[00:20:10] <mmlac> Is there a way to manipulate children of a model without hitting the database? Or more specific, how can I set a class ivar for all children and when they are lazily loaded call a hook (after_initialize?) on it?
[03:02:36] <jstout24> do i sacrifice speed if i have some indexed stuff not in the root top-level document?
[04:48:47] <dstorrs> daveluke: what are you trying to achieve?
[04:48:53] <Guest63591> you pass in a method and expect it to be used as callback?
[04:48:54] <mids> dstorrs: if this is only a one time operation on such a smal set; I'd just iterate over all of them, throw a dice and delete in 90% of the cases
[04:49:17] <daveluke> update object A, take updated object A and put it in object B
[04:49:44] <dstorrs> mids: is there a way to do that in the shell?

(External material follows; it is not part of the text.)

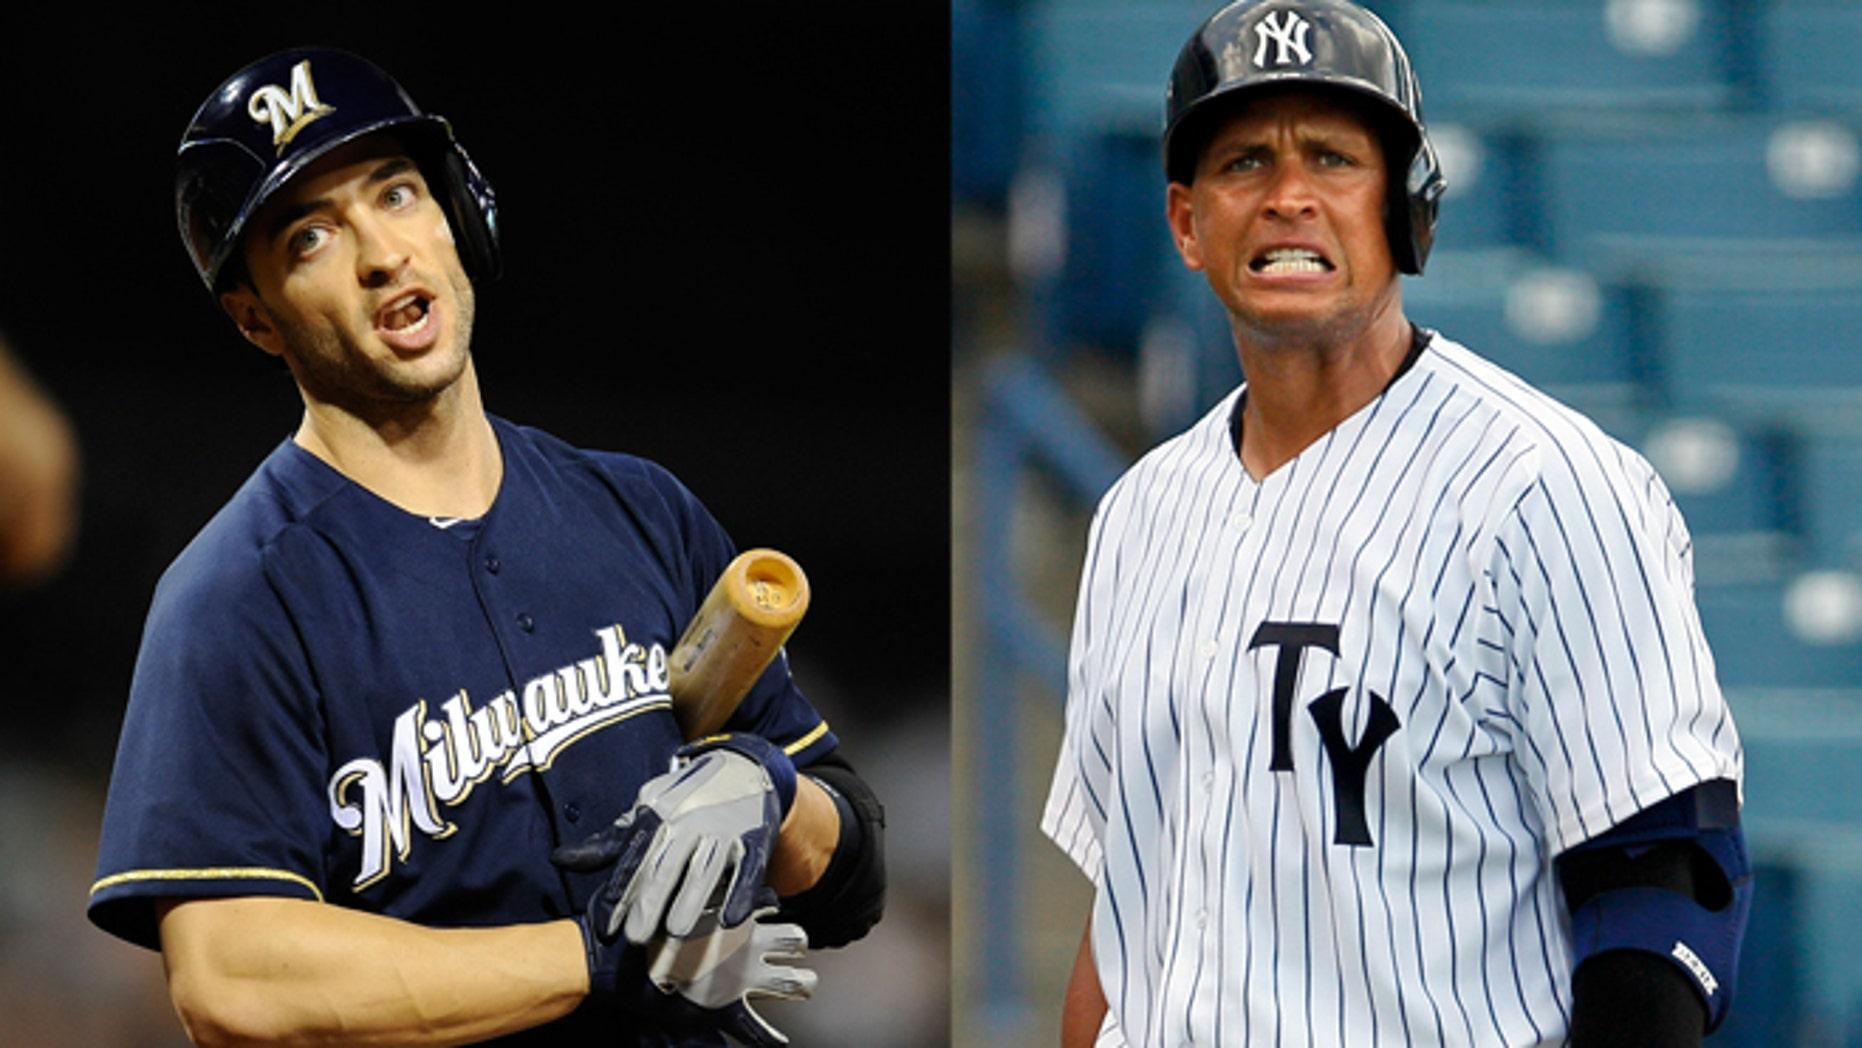 Milwaukee Brewers' Ryan Braun and New York Yankees' Alex Rodriguez.

I figured it out a week or so ago but since then for the life of me I can't reconstruct what I did.
[04:53:01] <dstorrs> I see a lot of edge cases here -- can users be in multiple lobbies? can they be in zero? what happens if their connection drops mid-session?
[04:55:10] <daveluke> the lobby info i want in the player, because i am identifying each player by their socket's given id
[04:55:41] <daveluke> so when i get a socket, and i want to broadcast only to players in his lobby, i can just take the ids of the players in the player's lobby!
[04:56:34] <daveluke> i'm wondering though if i need a player collection at all… if i can just do a find where lobby's players has an id of X
[04:57:19] <dstorrs> I would be more inclined to manage this as two separate collections of referenced docs. but that may be a matter of taste
[04:57:47] <dstorrs> what's the maximum number of users per lobby?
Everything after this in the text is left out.